Dermal lesions associated with anti-tumor necrosis factor α therapy in patients with inflammatory bowel disease (IBD): findings from a tertiary IBD center in Poland.

Introduction: There are scarce data on the occurrence of dermal lesions in patients with inflammatory bowel disease (IBD) treated with anti-tumor necrosis factor α (anti-TNF‑α) antibodies. Characteristics of the skin lesions, their clinical course, and impact on treatment are of high importance.
Objectives: The aim of this study was to assess the prevalence, risk factors, and clinical sequelae of dermal lesions in IBD patients treated with anti-TNF‑α antibodies.
Patients and Methods: This retrospective, single‑center study evaluated 541 IBD patients treated with anti-TNF‑α drugs and 688 IBD individuals with no history of anti-TNF‑α treatment.

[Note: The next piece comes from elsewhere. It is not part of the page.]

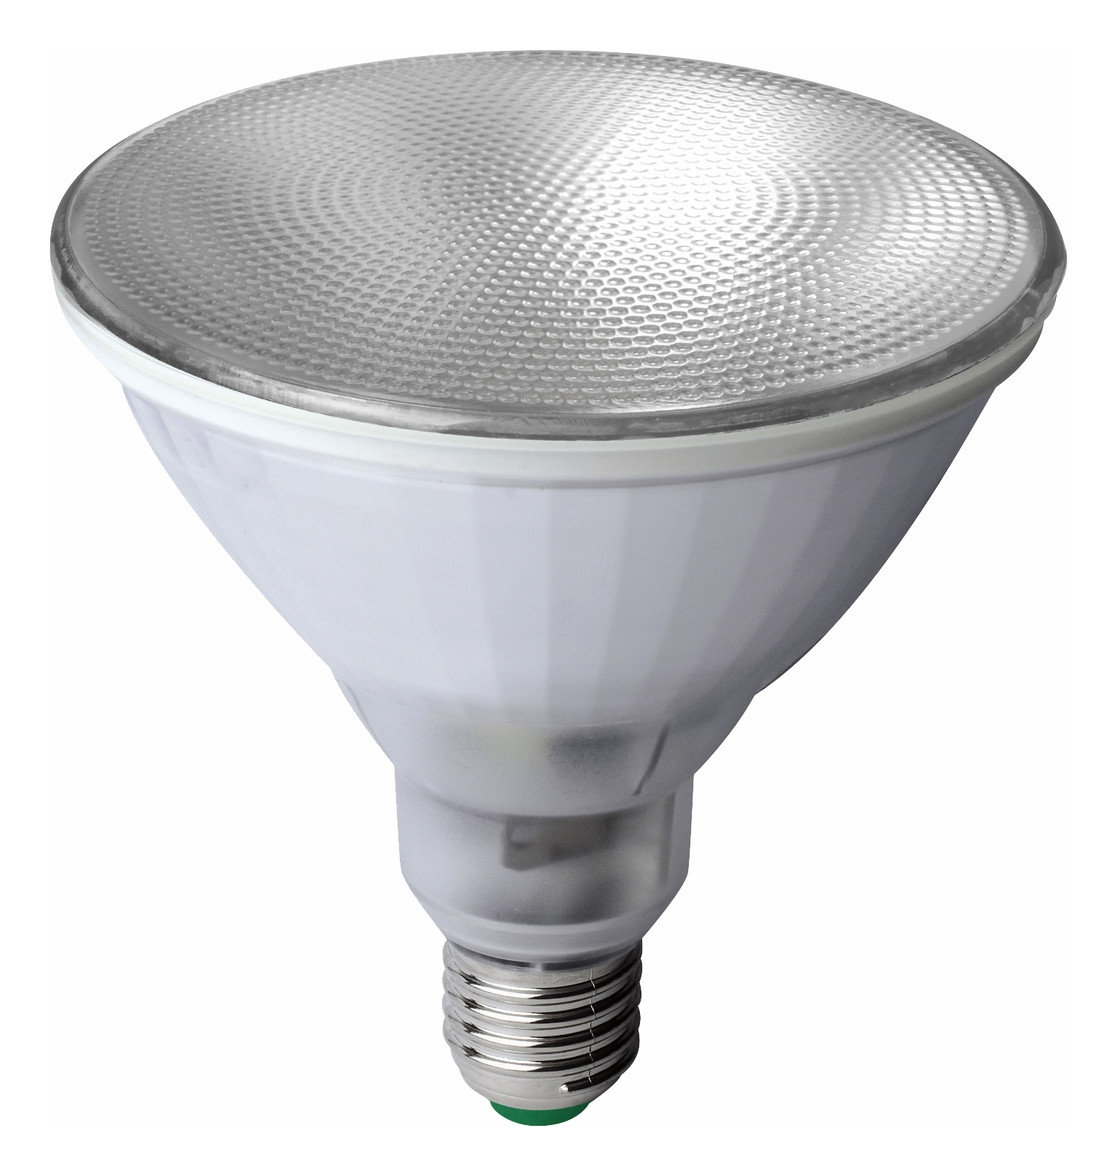 LED Lampen günstig online kaufen   vigedo.de

Results: Higher prevalence of dermal lesions was noted in the patients on anti-TNF‑α therapy than in the individuals not receiving such treatment (30.9% vs 16.4%; P <0.001). Risk factors for dermal lesions included higher body mass index (BMI), Crohn disease located in the small intestine, and longer duration of therapy. Some types of dermal lesions were associated with anti-TNF‑α therapy; these included infusion reactions and injection site reactions, cutaneous infection, psorasiform reactions, and lupus‑like symptoms. Overall, 5.9% of the patients on anti-TNF‑α therapy required treatment change or discontinuation due to dermal lesions (alopecia, lupus‑like symptoms, melanoma, and psoriasis).
Conclusions: We observed a higher prevalence of dermal lesions in patients with IBD undergoing anti-TNF‑α therapy than in the treatment-naive group, although development of such lesions rarely necessitated a change in or discontinuation of treatment. Patients with IBD should regularly undergo follow-up dermatologic evaluation, which may improve detection of dermal lesions. Moreover, biologic therapy in IBD patients requires close collaboration with an experienced dermatologist.